Photography entered my life softly in 2008 and grew into an unexpected anchor. Walking the city’s streets became a release from studio confines and strict briefs. While big productions had their own thrill, nothing matched the peace of responding instinctively to everyday life. Working without scripts, expectations or deadlines became a profound luxury—one that shaped my artistic voice.
In 2021, my first monograph, The Opium of Time, went to press. It was my first real act of belief—trusting that my inner world could resonate with others. The risk paid off. Around the same time, my long-term work at the Mahalakshmi Racecourse gathered weight. With the monograph selling out, I felt ready to begin a new photographic narrative, RACEDAY. That step—pure, intuitive—opened the door to an unexpected long-term partnership.
I found a similar conviction and energy when I began collaborating with Sabyasachi. Though the worlds I captured for him were far from the anonymity of the streets, they shared the same unpredictability and pulse. Our shared approach was to observe and document without agenda. Nearly three years later, we have built a vast body of work, including his 25th anniversary campaign shot on the streets of Kolkata—the perfect intersection of our sensibilities.

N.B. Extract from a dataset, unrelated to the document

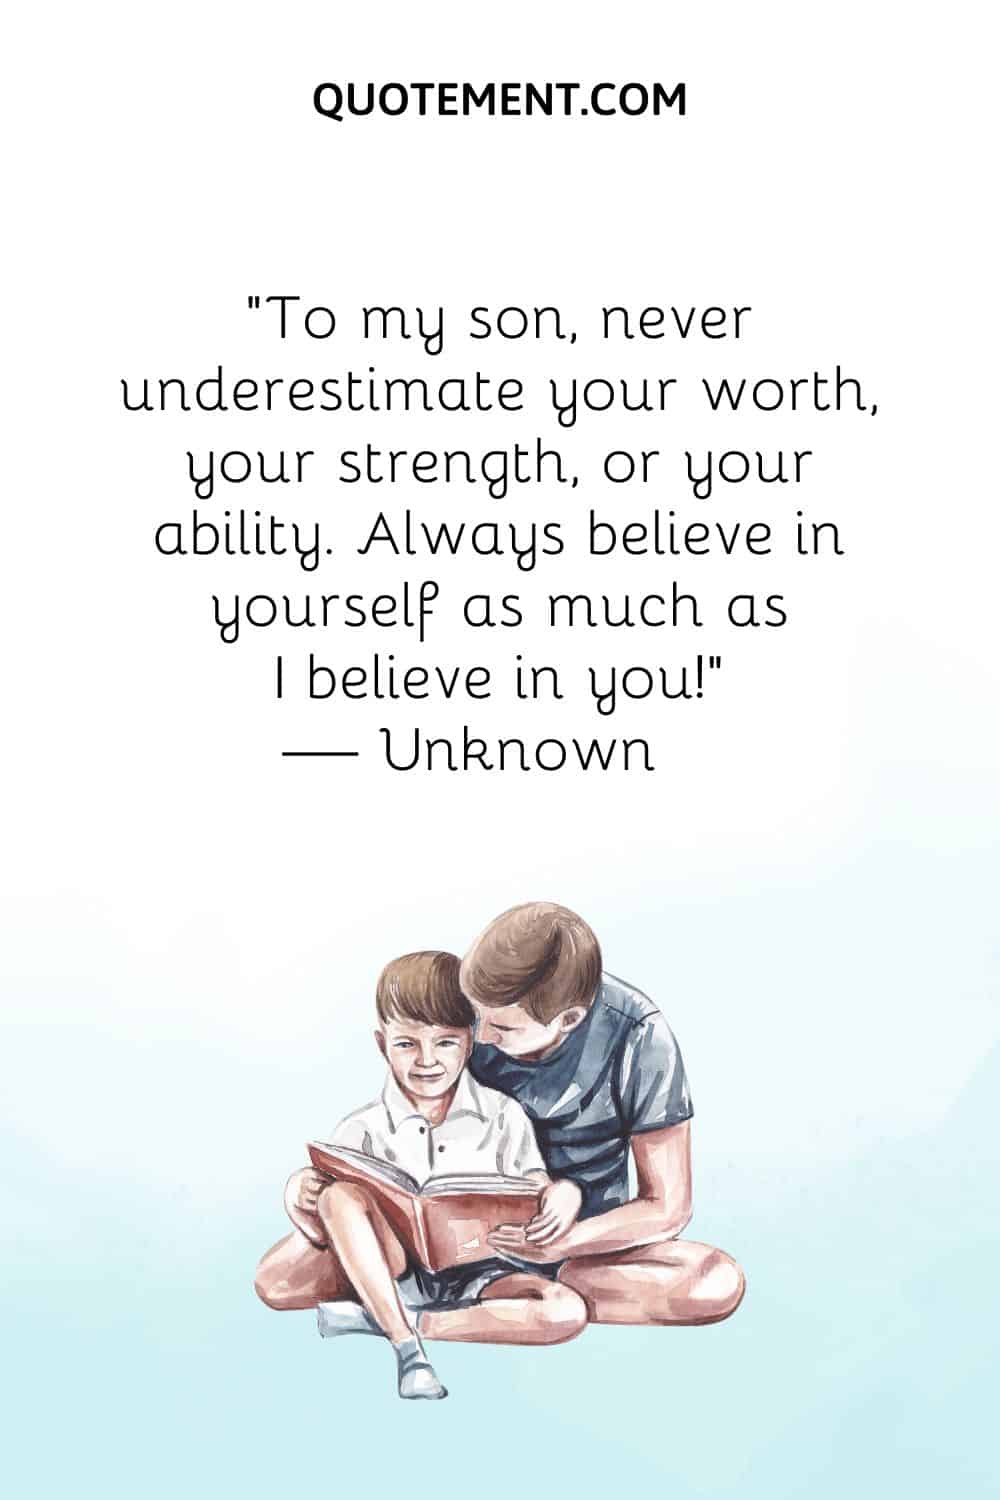 To my son, never underestimate your worth, your strength, or your ability.

He celebrates creativity at every level—from senior team members to local artisans. He nurtures people, and with his trust, I grew more comfortable in my own skin. As my responsibilities expanded, I realised how deeply my global exposure, education abroad and early travels shaped this partnership. He offered me an immense canvas—Kolkata’s streets, New York’s glamorous parties, intimate moments from his creative process—while framing deeply local narratives for a global audience. It was a world I instinctively understood.

When I reflect on this journey, it still feels slightly unreal. But I’ve learned that when a camera rests in my hands, the noise inside me falls silent. I surrender, I trust, and silence becomes my guide—allowing me to record local narratives ready for global eyes.
I’ve often wondered what luxury truly means. Ultimately, it is this silence—the rare state of flow where instinct leads and the shutter follows. And what greater luxury exists than earning the privilege to speak in a voice that finally feels like your own?